Our analysis rationalizes the observations that EFZ enhances GagPol dimerization by binding monomers of GagPol-embedded p51e less strongly than p51e-p51c within Gag-Pol precursor dimers. More generally, it suggests that NNRTIs could achieve similar or even greater enhancement by having both a strong drug–dimer binding affinity (K_{D 12} < 100 nM) and a relatively weaker drug–monomer binding affinity (K_{D 2}/K_{D 12} > 10).
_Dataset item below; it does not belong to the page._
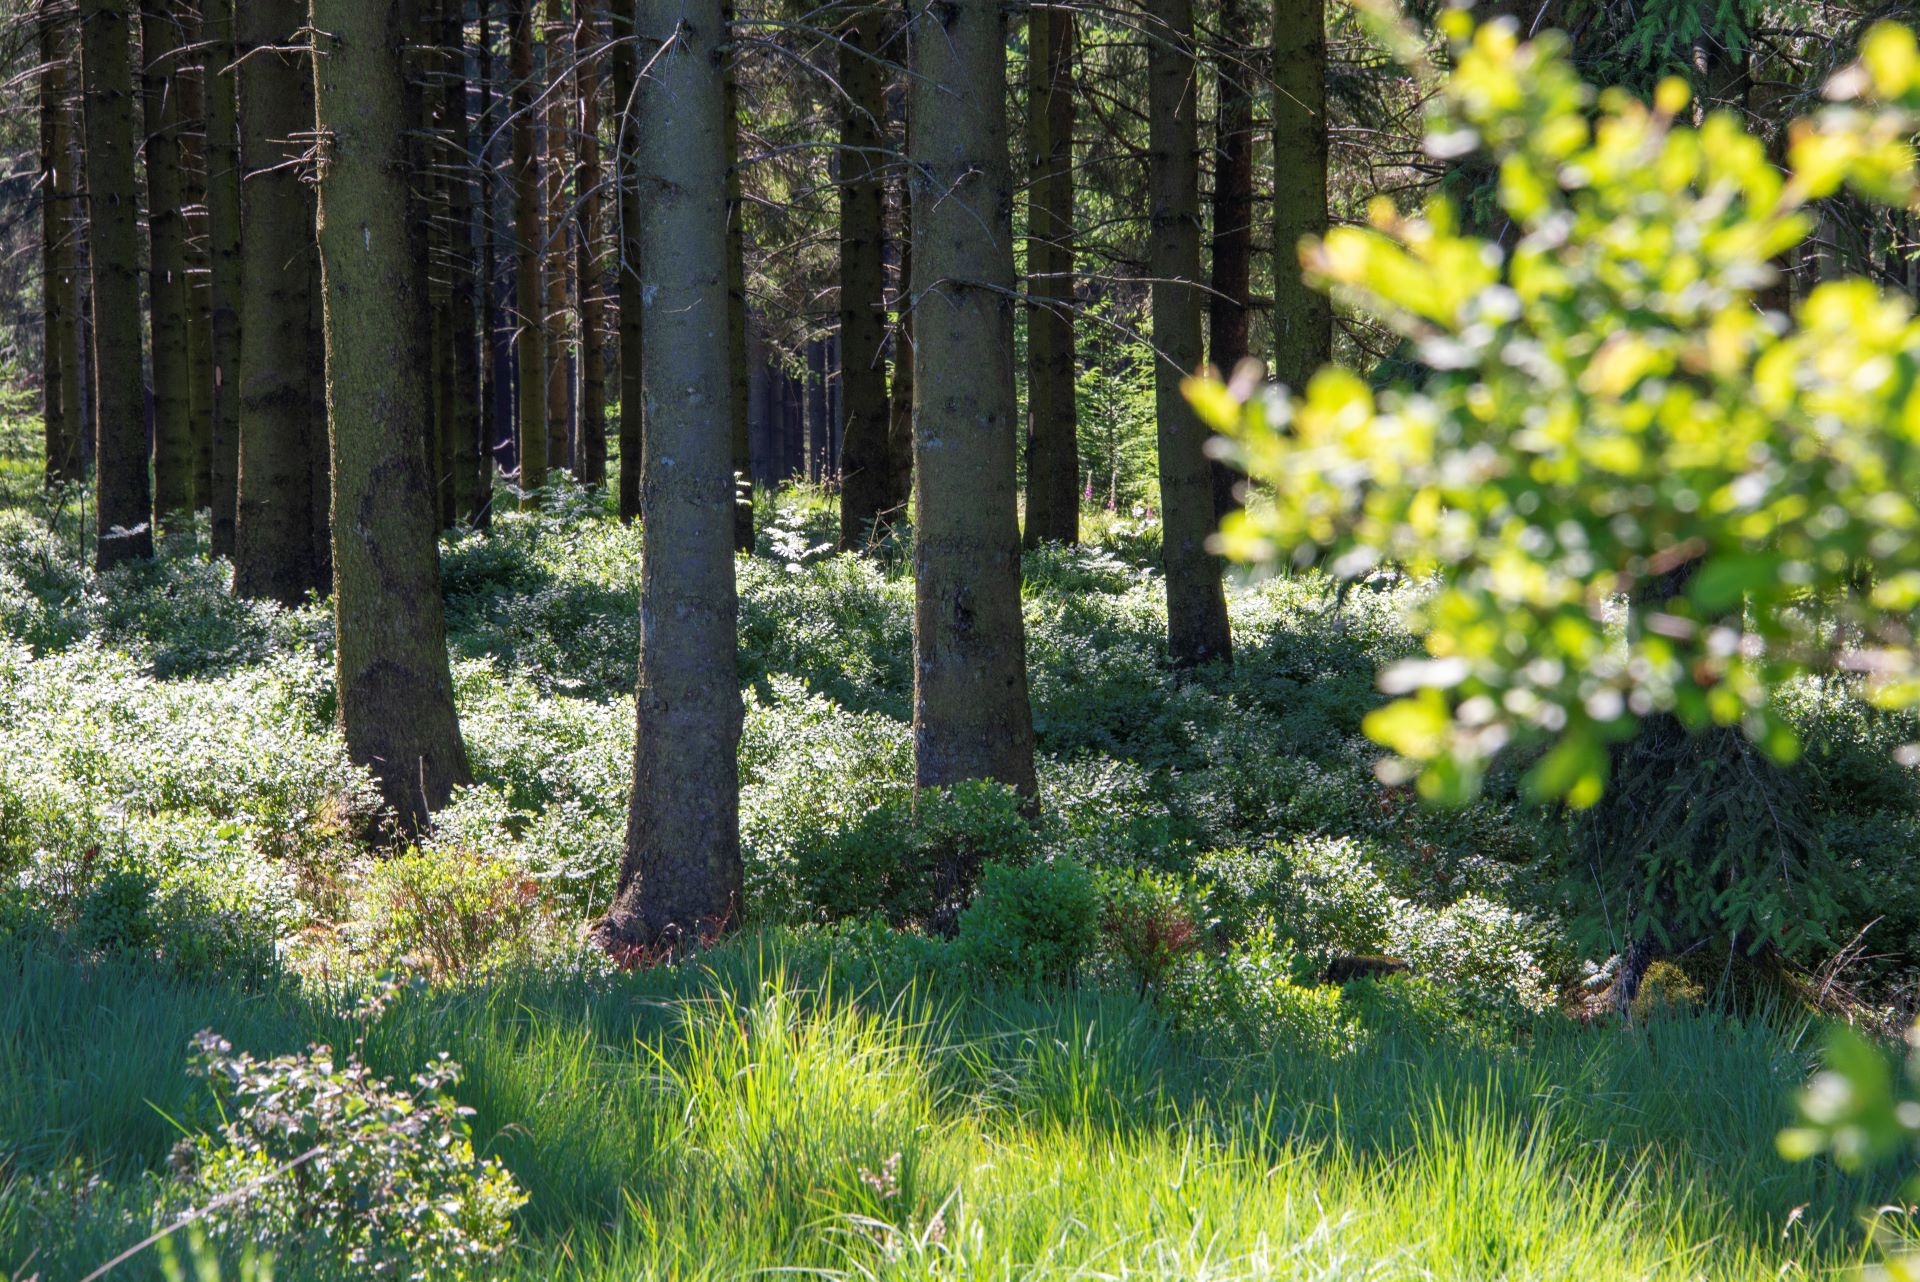 Ein Blick in den Wald fokussiert auf die Unterseiten von Bäumen, die mehrere Meter von der Kamera entfernt sind. Gräser und Grünzeug umgeben die großen Bäume.
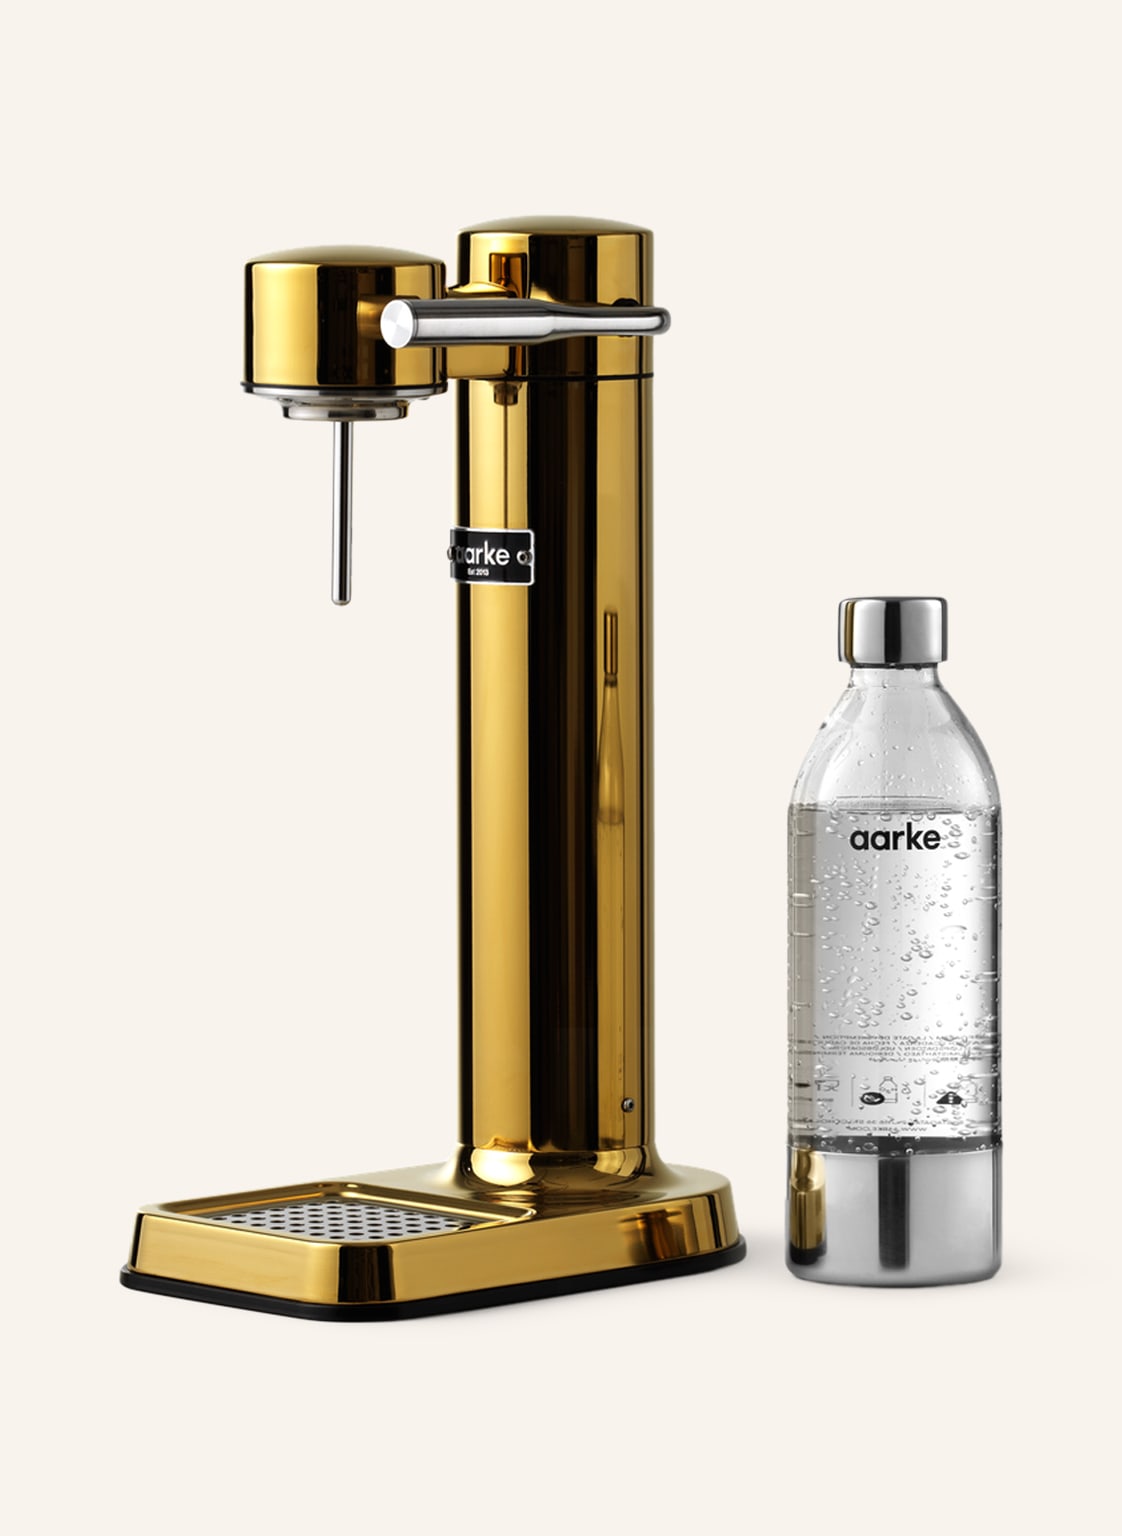 Image of Aarke Wassersprudler Carbonator 3 gold

Furthermore, the stronger the drug–dimer binding affinity, the more pronounced the maximum effect of an ever weaker drug–monomer binding affinity.

Development of novel potent NNRTIs is a challenging but feasible pharmacological research effort that benefits from computational simulation-guided synthesis and quantitative evaluation of inhibition for a range of chemical variants. ¹² This includes using structure-based approaches to suggest novel chemical moieties on a given drug scaffold that may increase contributions to binding. Our approach yields a strategy for rationally redesigning NNRTIs as PAEs that is consistent with the mentioned discovery process. First, ideal monomer–drug and dimer–drug binding affinities that enable substantial dimer enhancement within a desired concentration range could be optimized using our model. Chemical moieties on given drug scaffolds that potentially enhance drug–dimer binding, but limit drug–monomer binding, could then be suggested and evaluated by combining the mentioned pipeline ¹² and established cytotoxicity assays. ¹

Similarly, the effects of RT resistance mutations that arise in response to NNRTI therapy can be assessed in our model implicitly as variations in the values of K_{D 2}, K_{D 12}, or both compared with wild type. Although some such mutations (e.g., K103N and Y181C) likely reduce drug binding affinity for the RT dimer, through direct loss of structural interactions with inhibitors, their relative effects on drug–monomer disassociation may not correlate. Therefore, further studies may elucidate drug concentration windows that could take advantage of such differences to preserve functionality of NNRTIs as PAEs for patients in whom NNRTI resistance mutations arise.